Тем не менее, в свое время Кремль не мог не заменить Р. Аушева: тогда Ингушетия превратилась едва ли не в плацдарм поддержки чеченских сепаратистов, в транзитный коридор перемещения боевиков из Панкисского ущелья в северокавказские республики. Не радовали Москву и особые отношения Р. Аушева с некоторыми лидерами «чеченского сопротивления», например с А. Масхадовым, и его предложения по «решению» чеченского конфликта.

Смена руководителя в Ингушетии нарушила баланс сил в ингушских элитах, в результате чего пострадали интересы некоторых финансово-промышленных групп, которые стали поддерживать оппозицию. По всей видимости, происходящее с известным ингушским олигархом М. Гуцериевым можно отнести именно к этому ряду проблем.

Поговаривают и о натянутых отношениях М. Зязикова с руководством Чечни, якобы стремящимся к объединению с Ингушетией. Правда, это опровергается и чеченскими, и ингушскими властями.

В какой мере все указанные причины служат объяснением необычайно высокого уровня конфликтности, отмечаемого сейчас в Ингушетии?

Главное, на наш взгляд, заключается в том, что резкое ухудшение ситуации в Ингушетии, как и в некоторых других республиках региона, уходит корнями в геополитику Кавказа, а общая кризисная тенденция возникает в результате сложения существующих межэтнических, конфессиональных, политических, социально-экономических и других противоречий. Внезапное обострение конфликта, радикализация оппонентов, выбор необычайно агрессивных методов «разрешения» противоречий, затяжной характер противоборства — все это верные признаки внешнего вмешательства «третьей силы», умело использующей многочисленные факторы внутренней нестабильности. Применительно к Северному Кавказу такой «третьей силой» выступает трансатлантическое сообщество — США и их сателлиты, развернувшие против России фронт «сетевых войн» как информационных войн последнего поколения.

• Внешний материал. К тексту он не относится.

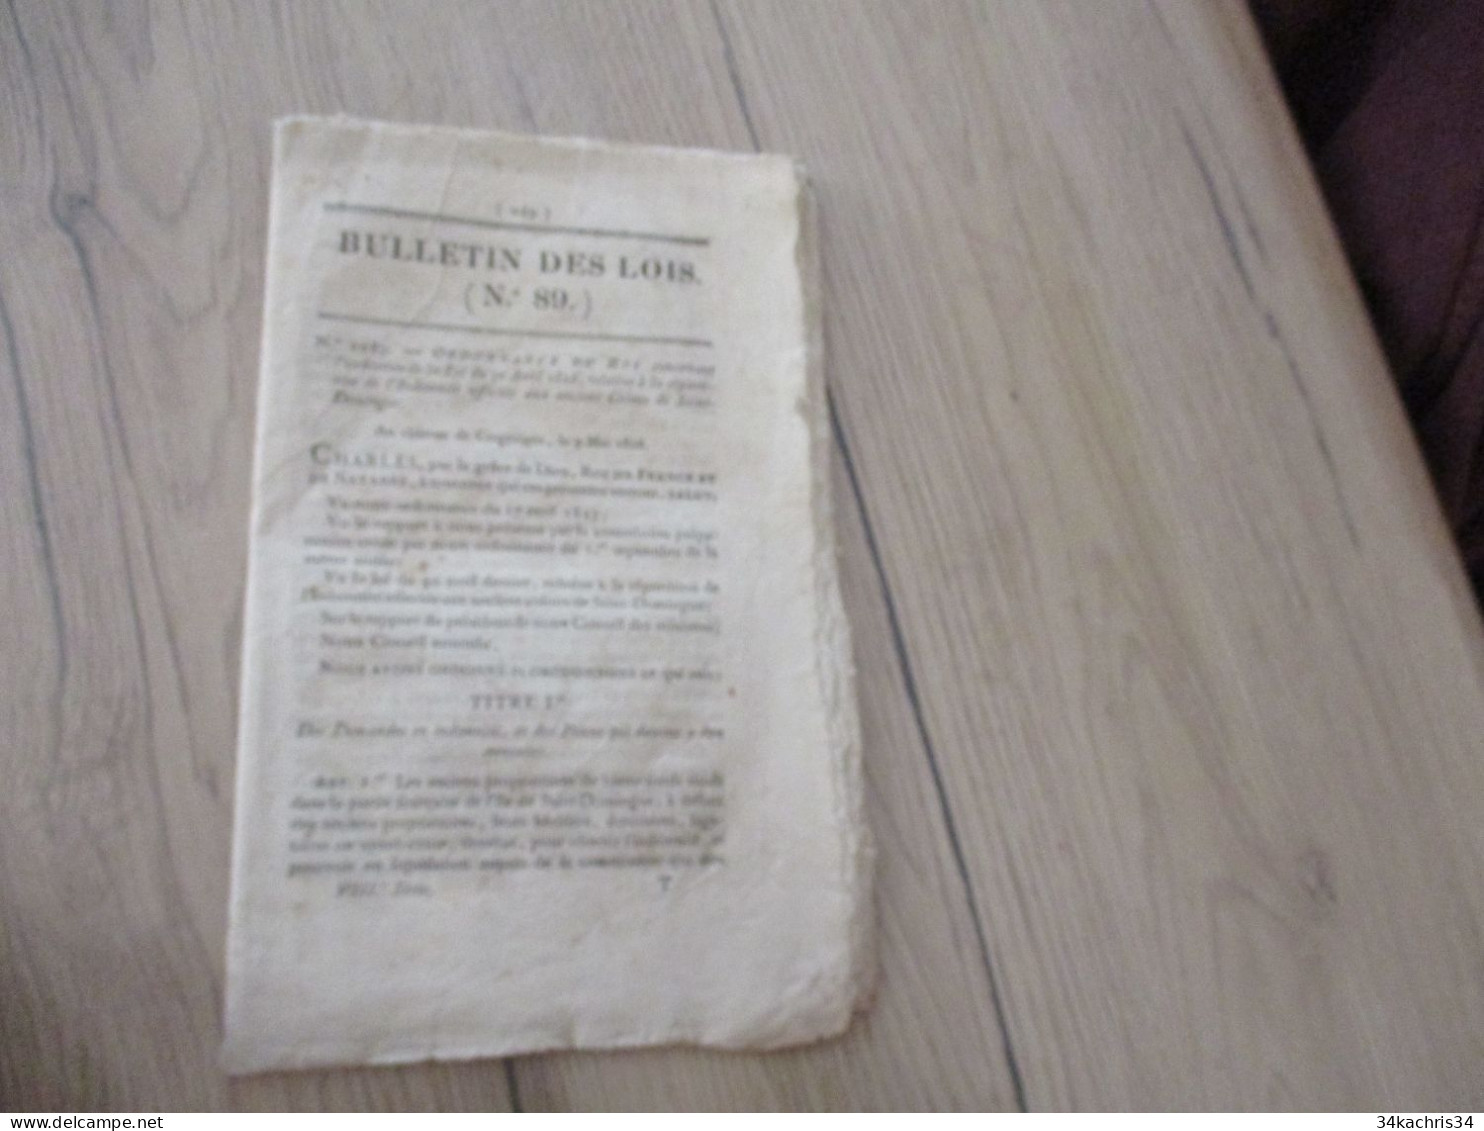 Bulletin Des Lois N°89 09/05/1826 Idemnité Des Anciens Colons De Saint Domingue 27 P Liste Des Colons - Décrets & Lois

Ничего удивительного и в том, что накал сетецентричных антироссийских операций систематически возрастает по мере приближения к рубежу 2008 года. Умудренные опытом режиссеры «цветных революций» в Югославии, Грузии, Украине, Киргизии апробируют сейчас на Северном Кавказе созданные ими ранее «цветные» сети. Это сложный конгломерат сил, в котором перемешаны многие элементы: группы «оранжевых» в различных сегментах российского общества и подконтрольных им СМИ; националисты и сепаратисты; исламисты и террористы; гуманитарные фонды и НПО, курируемые из США, Европы, Турции и арабских странами, собирающие информацию, распределяющие гранты на «исследования», финансирующие в нужный момент те или иные «гражданские инициативы». Цель — превращение Северного Кавказа в очаг нестабильности, напрямую влияющий на ситуацию во всей России. В глубоком геополитическом водовороте маленькая Ингушетия просто оказалась слабым, а потому подходящим звеном для запуска модернизированного «оранжевого сценария».